Whether it’s your first time as general counsel or your fifth time, it can be hard to figure out where to focus your attention. No doubt you will be called into countless meetings about impending decisions, most of which are tactical in nature. Don’t get so overwhelmed by the day-to-day agenda created by others that you miss setting bigger picture priorities.
When you lose your car keys, you typically know a few likely locations where you should look first. The same approach applies when starting a new general counsel role: There are typically several areas of the organization where you should prioritize looking for risks and opportunities for improvement.
A chain is as strong as its weakest link In today’s interdependent world, most organizations depend on third parties for a wide range of mission-critical inputs, ranging from accounts receivable contractors to SaaS providers to distribution partners. A 2017 study by venture capital firm Kleiner Perkins revealed that the average retail sector (including hospitality and restaurants) company uses 1,206 cloud applications, while the average financial services firm uses 1,170 cloud applications. Similar trends appear in other sectors, such as manufacturing, where the average company uses 1,092 cloud applications.
Each one of these external relationships represents a hard-fought advantage for your company, but also a possible Achilles heel if untended. On the first day of your new job, you should be asking: With whom do we have a contract? When does it expire or renew? What are our rights and obligations? Who owns it within my organization?
If you cannot get a rapid and complete answer, then you know what should be high on your priority list: understanding your organization’s external relationships. The key inputs and outputs should include:
- Customers
- Vendors
- Partners
- Contractors
- Distributors and retailers
- Licensors and licensees
- Investors
- Landlords
A failure in even one of those relationship links can break your business. The financial consequences of failing to manage contractual relationships are empirically established. A study by the International Association for Contract & Commercial Management (IACCM) determined that an amount equivalent to nine percent of revenue is lost, on average, due to poor governance of contractual relationships.
The oft-forgotten compliance risk
Attorneys in highly regulated industries are already attuned to think about “compliance.” However, compliance with employment laws is often overlooked. Every organization with employees has compliance requirements and risks, even if they are in an otherwise lightly regulated field. Employee matters represent the most underrated compliance risk you may face.
When you join an organization as general counsel, you should immediately determine where all the employees and full-time contractors are located and what are the relevant rules in each jurisdiction. Improper classification of certain employees as exempt under the Fair Labor Standards Act can result in unexpected payments as well as penalties.

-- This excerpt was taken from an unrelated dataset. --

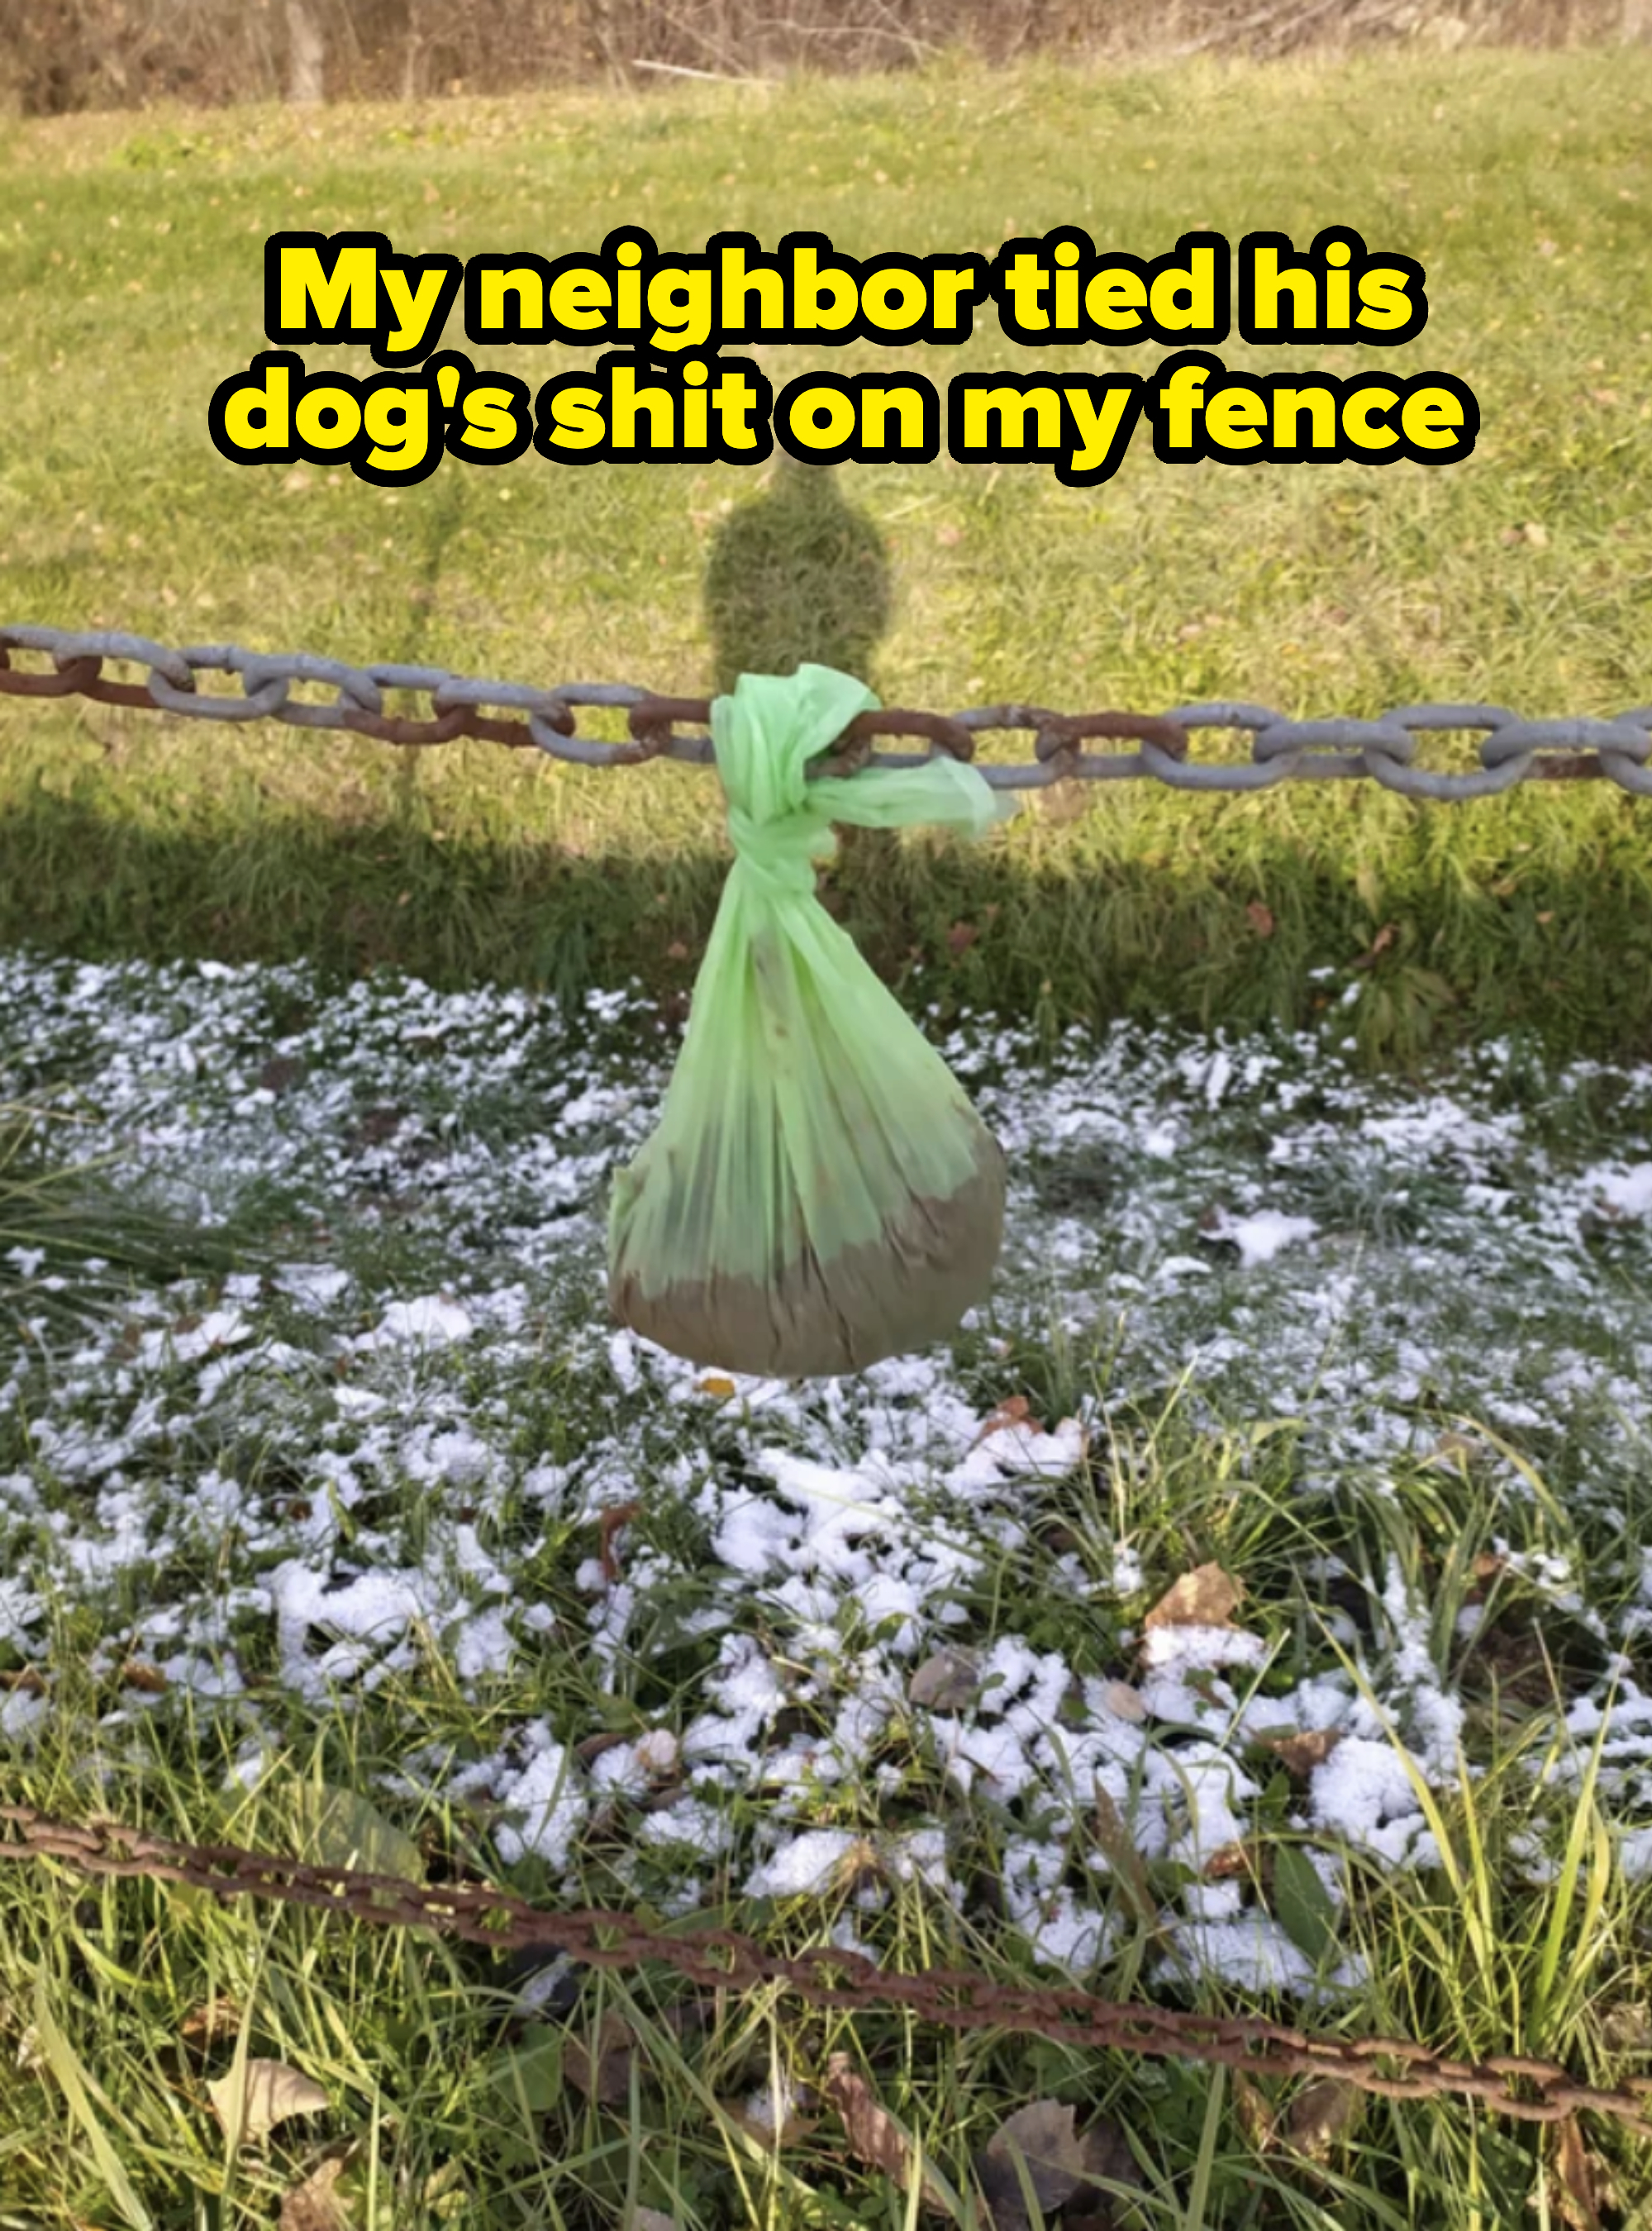 &quot;My neighbor tied his dog&#x27;s shit on my fence&quot;

In certain states, you also need to examine the job description of your independent contractors because some may need to be recharacterized as employees. In California, for example, the 2018 Dynamex Operations West, Inc. v. Superior Court decision created a new standard for determining whether a contractor should be an employee based, in part, on whether the person performs work outside the usual course of the hiring entity’s business. Varying state and municipal governments have sick leave, paid leave, and benefits laws where your organization may need to be brought up-to-date, or else face significant fines.
As part of your examination of employee relationships, don’t forget about an examination of each employee agreement. Your contracts with third parties or the drive to protect your own organization’s intellectual property may necessitate having each employee and contractor sign a non-disclosure agreement. And, if your organization wishes to avail itself of the relatively recent federal Defend Trade Secrets Act, older employment agreements and materials will need to be updated to notify employees about whistleblower immunity under the law.
Privacy
Today almost every organization is impacted by privacy risks and regulations. Even if there is not a privacy law directed at your industry sector, your organization still likely has obligations under trade practice laws and contracts to secure information, such as that about individuals, from accidental disclosure and prying eyes.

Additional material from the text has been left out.